There is about 5 minutes worth of valuable material in a YouTube video which may help explain this concept.
To perform a PCA on our data, I would approach it like the following:
pca <- exprs(eset) %>%
t() %>%
prcomp()
In this code, I’ve taken our expression data then transposed it, as the function prcomp()
looks across each row as the variable of interest to be summarised. If we look at the summary of this object, we can see how much of the variance in the data is captured by each component.
summary(pca)
To make our plot, the package ggfortify
has a very handy function called autoplot()
which is setup for plotting the output from the function prcomp()
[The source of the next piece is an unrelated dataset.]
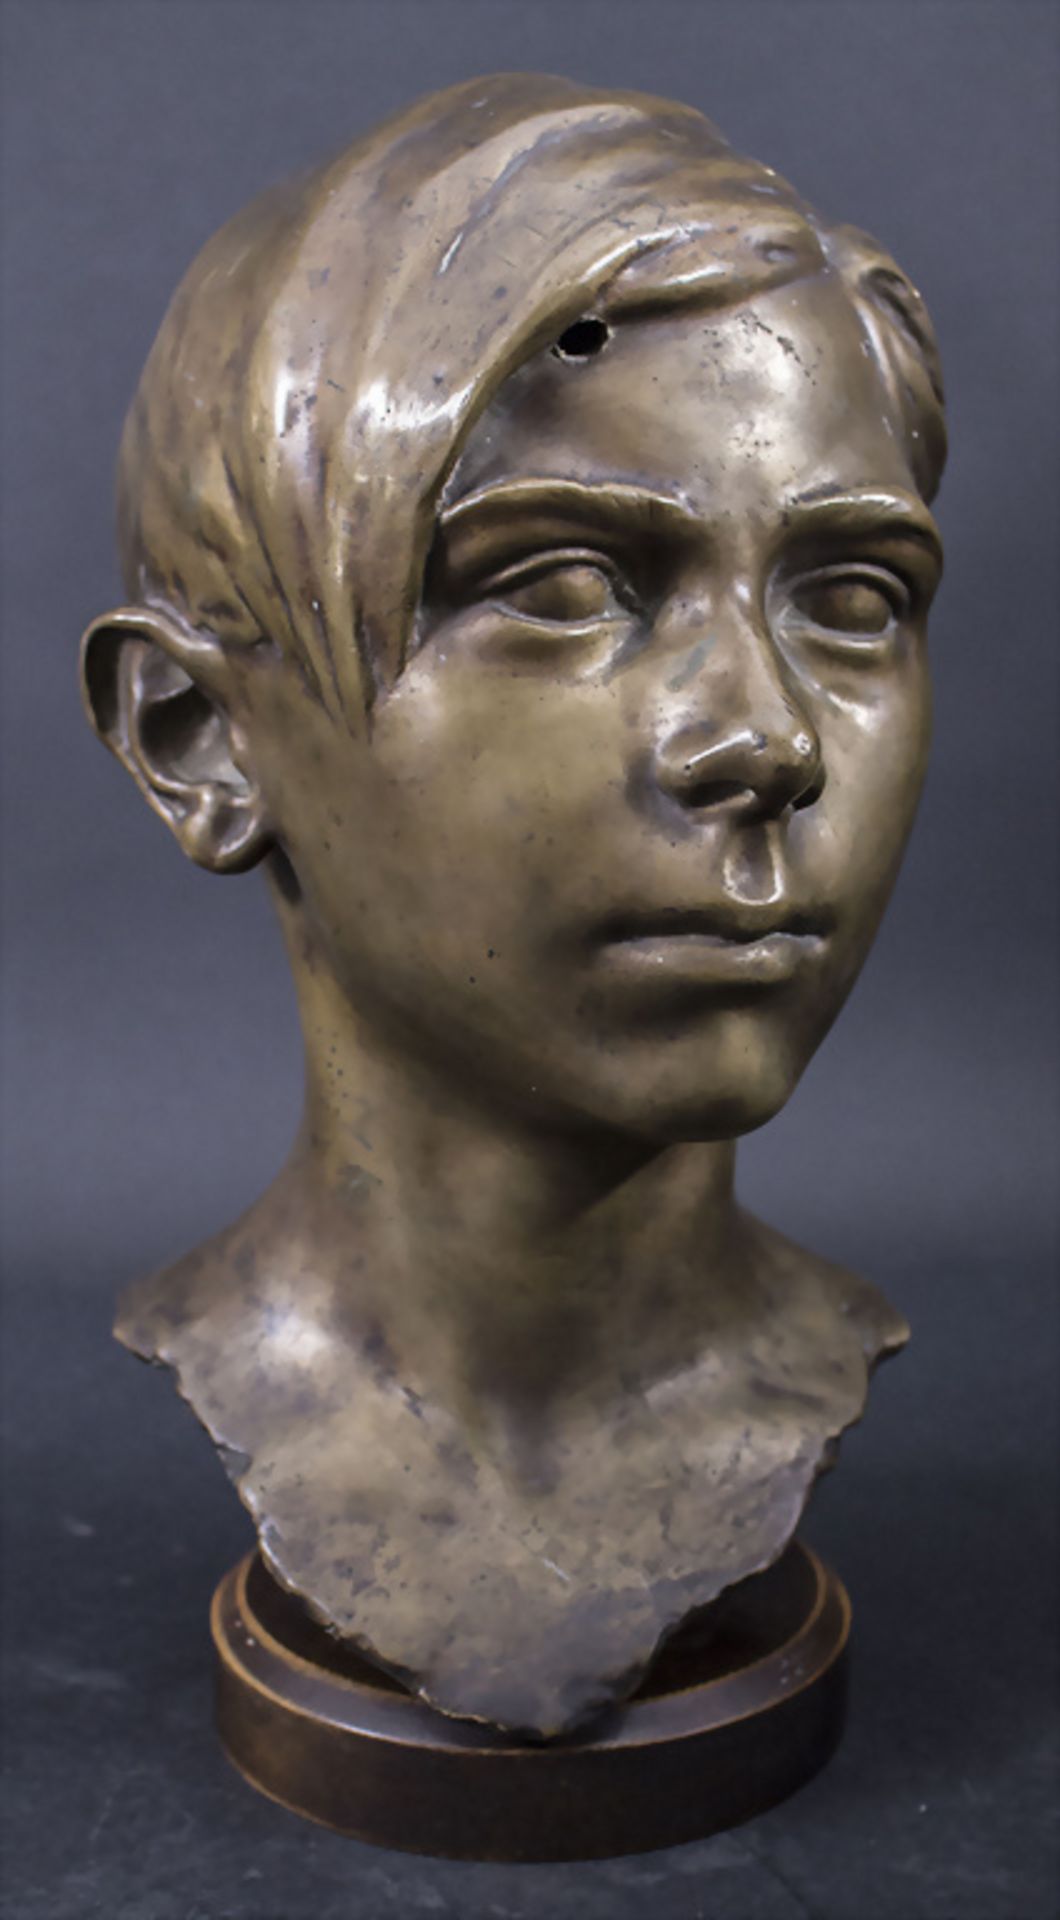 Bronzeplastik 'Knabe' / An Art Nouveau bronze sculpture of a young boy, Francois Vanczak, 1932 - Bild 2 aus 10
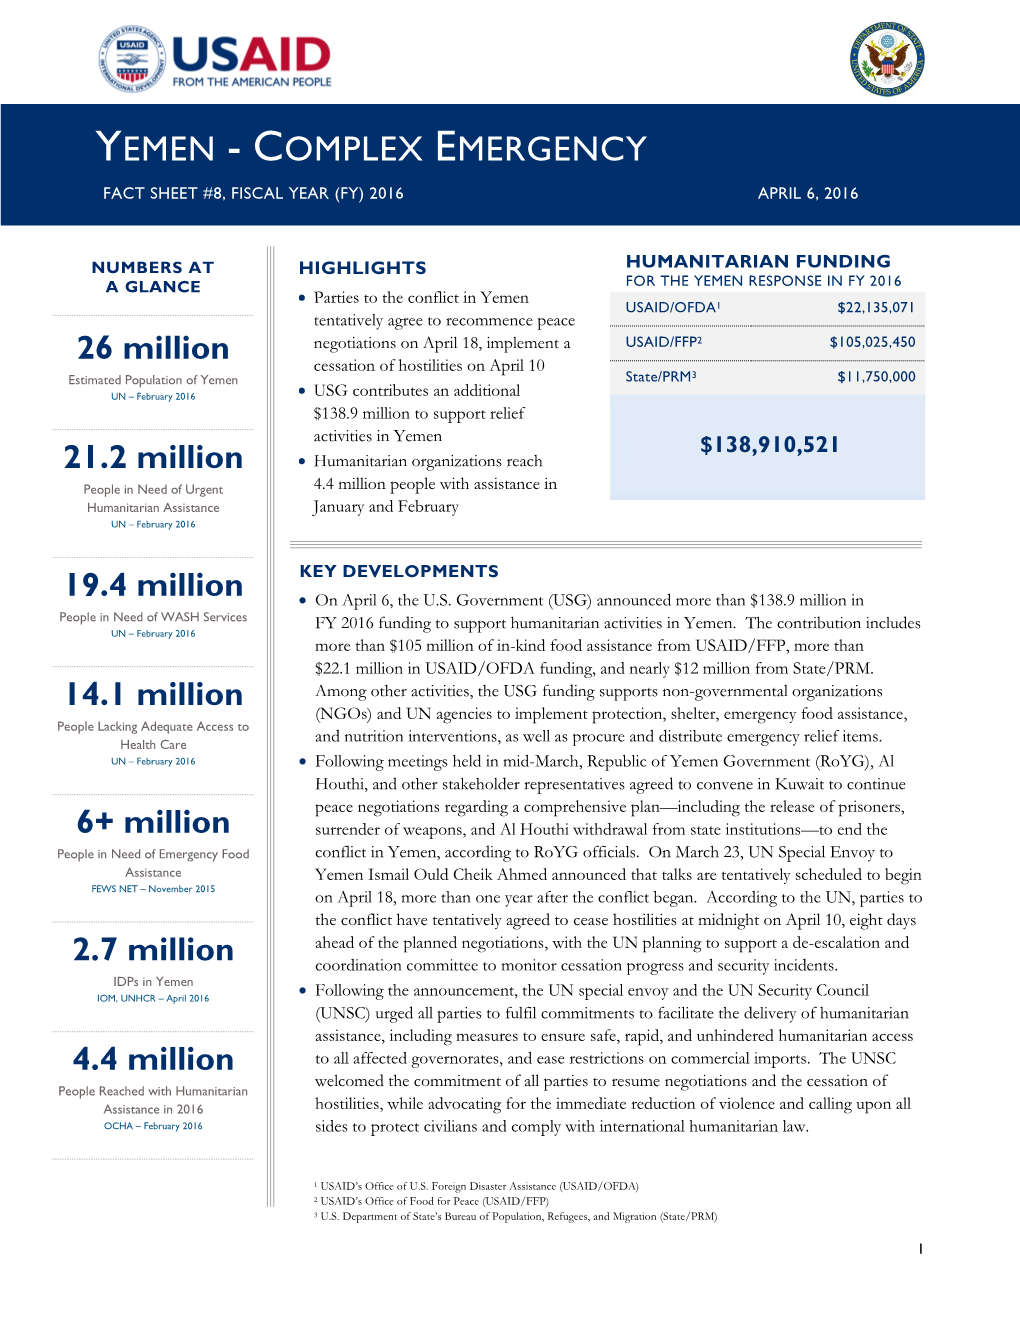 Yemen Complex Emergency Fact Sheet #8

. Initially this won’t look great, but we’ll modify this easily as we’re about to see.
pca %>%
autoplot()
Notice how the proportion of variance is shown on each axis. However, we’ll clearly want to colour and label our points.
pca %>%
autoplot(data = pData(eset), colour = "PI16")
Now we’ve let autoplot()
define our basic aesthetics (x, y, and colour), we can treat this as any other ggplot object.
pca %>%
autoplot(
data = pData(eset),
colour = "PI16"
) +
geom_text_repel(
aes(label = array_id, colour = PI16),
show.legend = FALSE
)
In this dataset, we can see that PI16 status does seem to track pretty well with PC1, and as such our biology of interest appears to be a primary source of variability.